Writer-director Leslye Headland (“Bachelorette”) knows her rom-com cliches and she tries to subvert and embrace them in equal measure. And she freely opens the stage to obvious ad-libbing — to pro improv-ers like Jason Mantzoukas and Andrea Savage — but has also clearly written things like Jake’s hyper-articulate takedowns and rationalizations for things no one would think to rationalize out loud. Despite being about a man and a woman, it’s subtly very much a woman’s movie. The sex talk is raunchy and graphic, but geared to the female perspective, even when Jake is rhapsodizing on his game. At one point he launches into an epic tutorial to Lainey on handy sex, a monologue naughtier than anything in the Kevin Smith canon. But his focus is on how to get the woman off, not just himself. It’s the kind of thing most male screenwriters would never dream to include.

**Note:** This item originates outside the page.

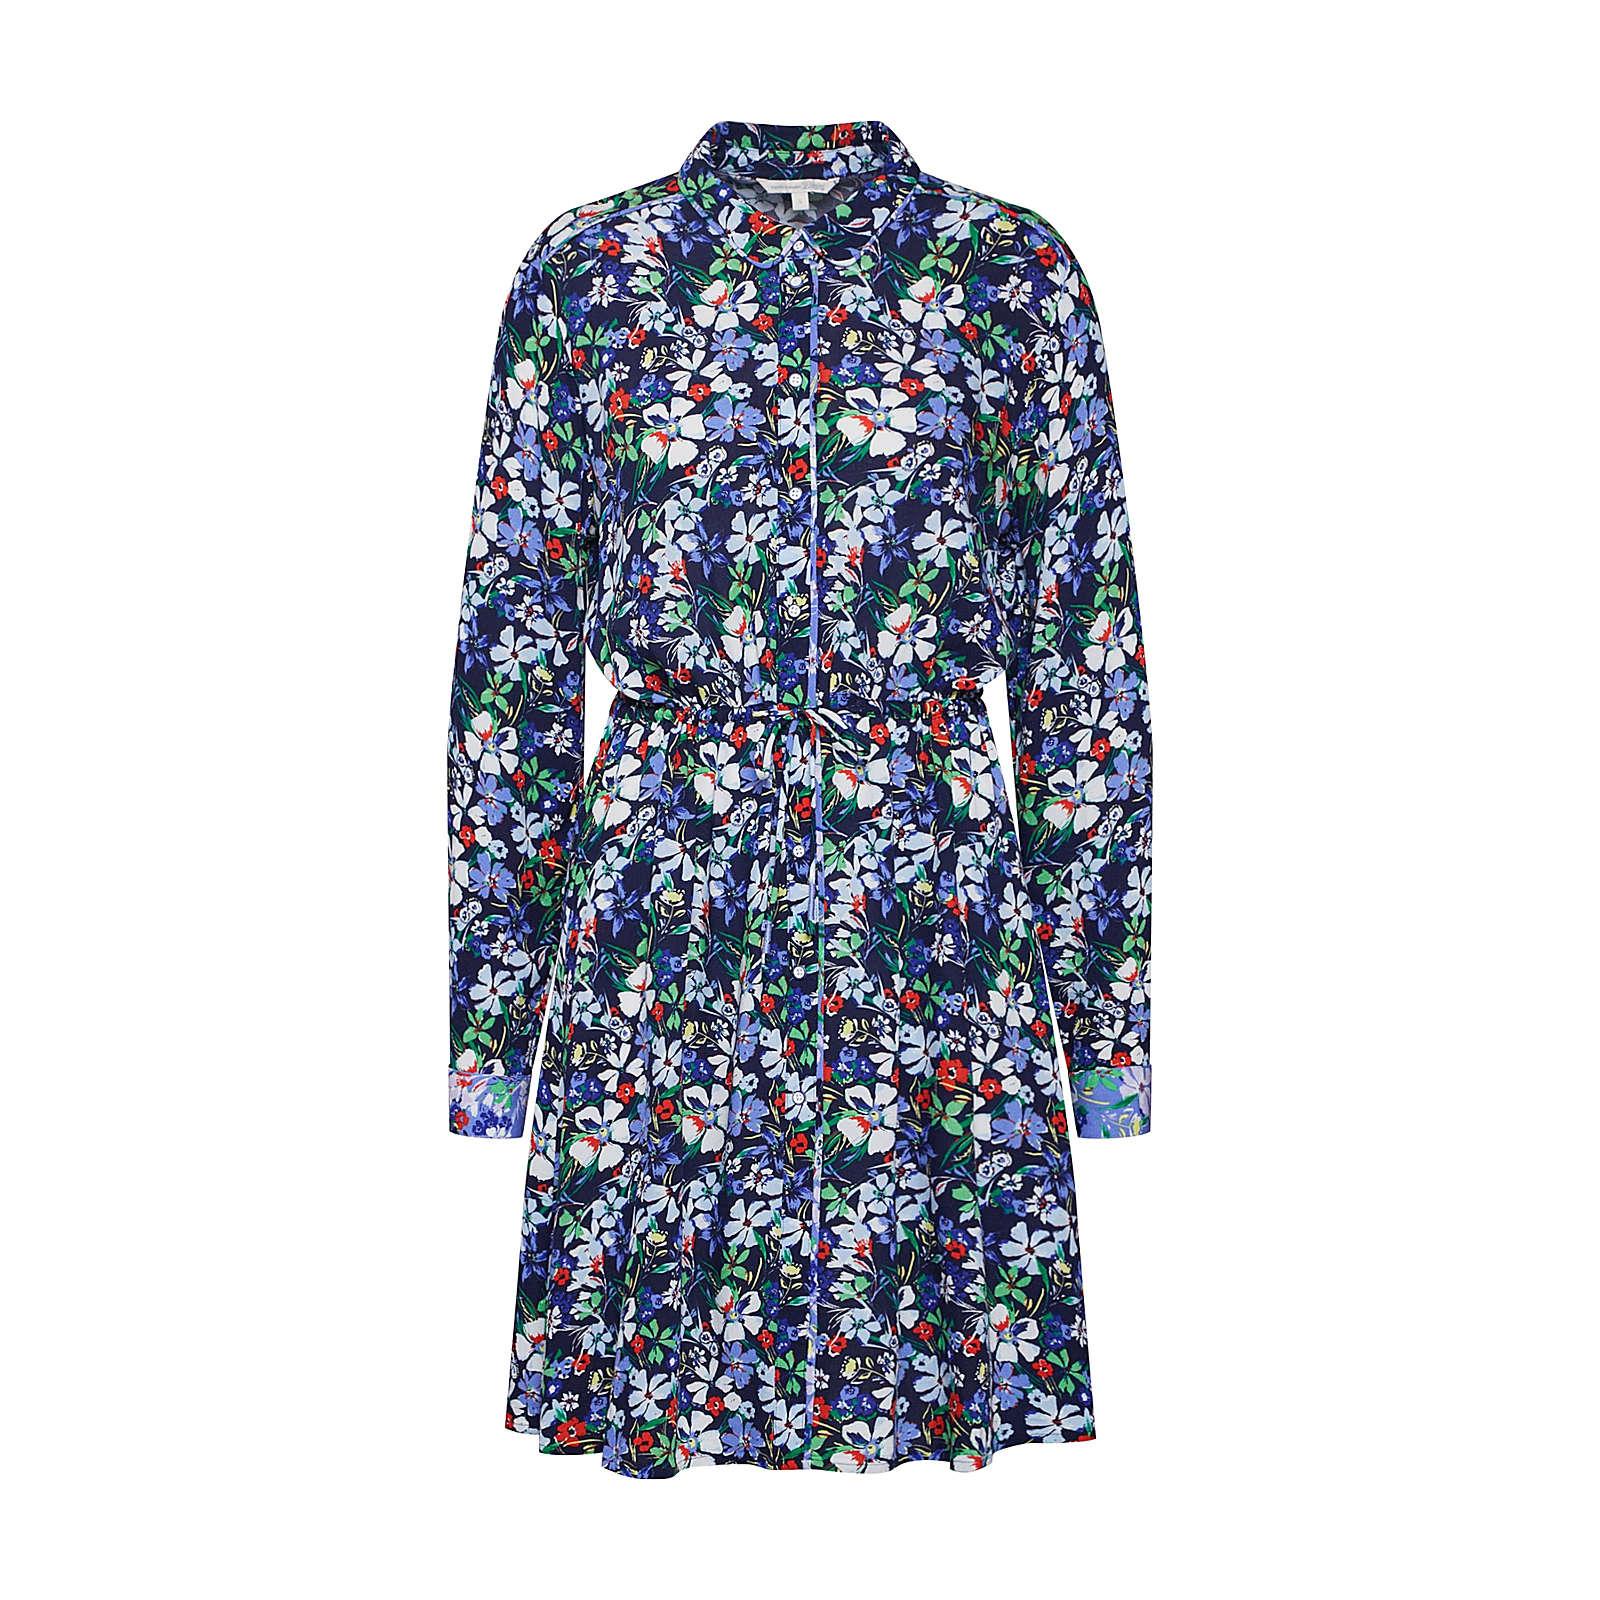 TOM TAILOR DENIM Blusenkleid Blusenkleider mehrfarbig Damen Gr. 38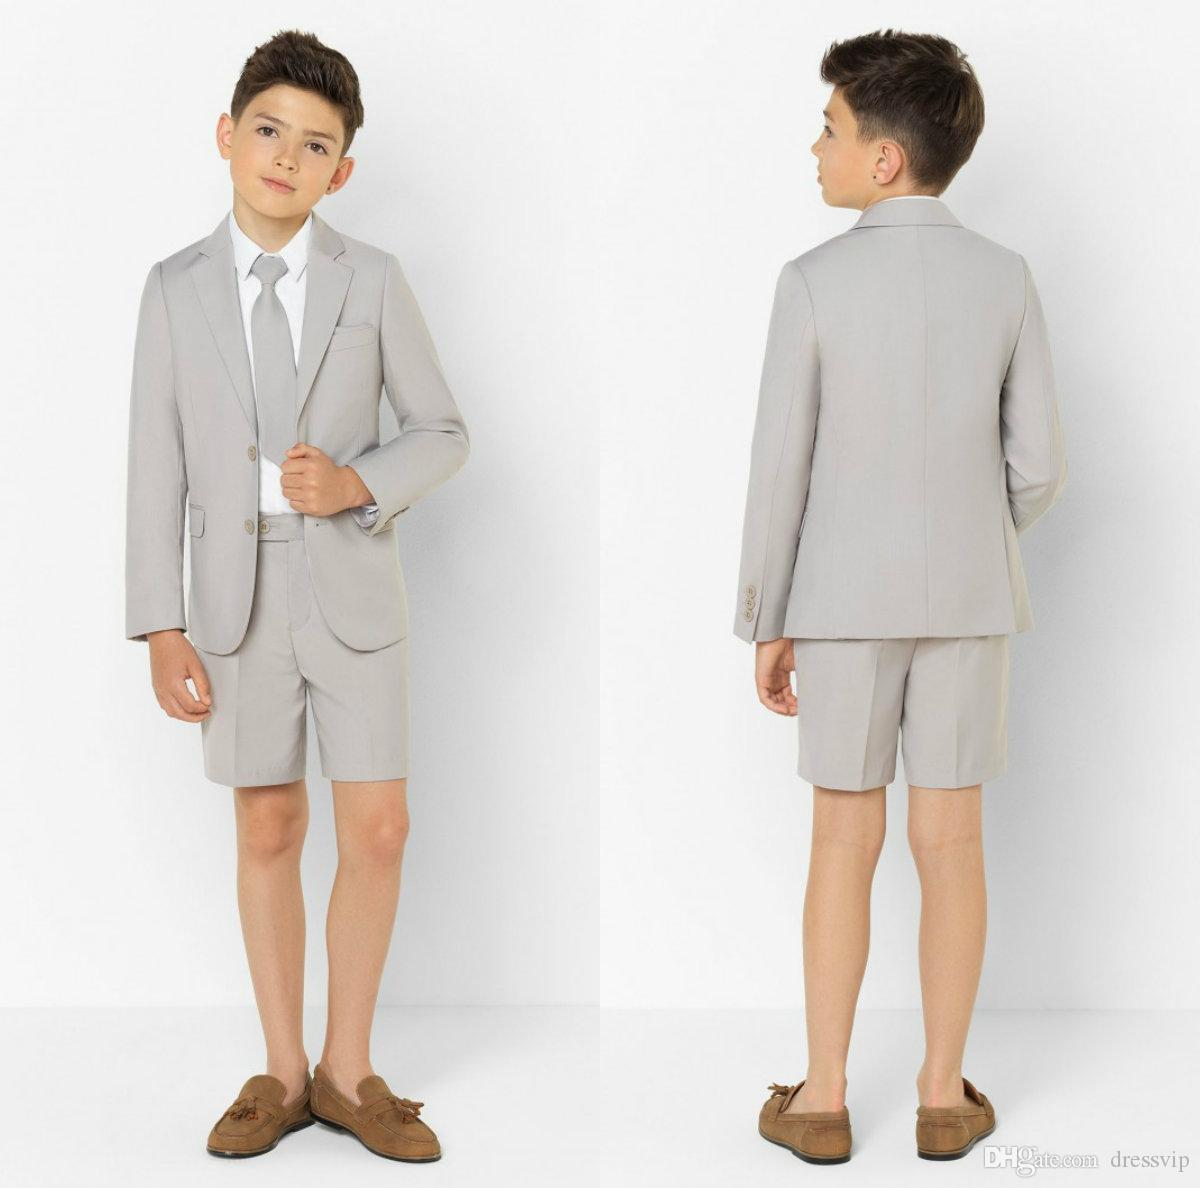 Summer Little Boy Formal Suits Dinner Tuxedos for Beach Wedding Party Boy Groomsmen Kids Children Prom Suit Formal Wear (Jacket+Pants)

Despite the bubbly grouchiness and the occasional slides into bleak territory, this is all heading for a more classical ending. That’s not a bad thing, and it truly seems thing could go either way, right up until when they don’t. Headland makes sure to complicate things just enough, giving each a palatable suitor, in Jake’s case a boss (Amanda Peet) who could very well drag him into romantic bliss. Even if it does turn traditional, it’s done sufficient rooting in its characters’ neuroses and problems and charted a deeper kind of relationship than mere pairing off. The way it plays things, calling what happens between its two leads mere “love” almost seems reductive.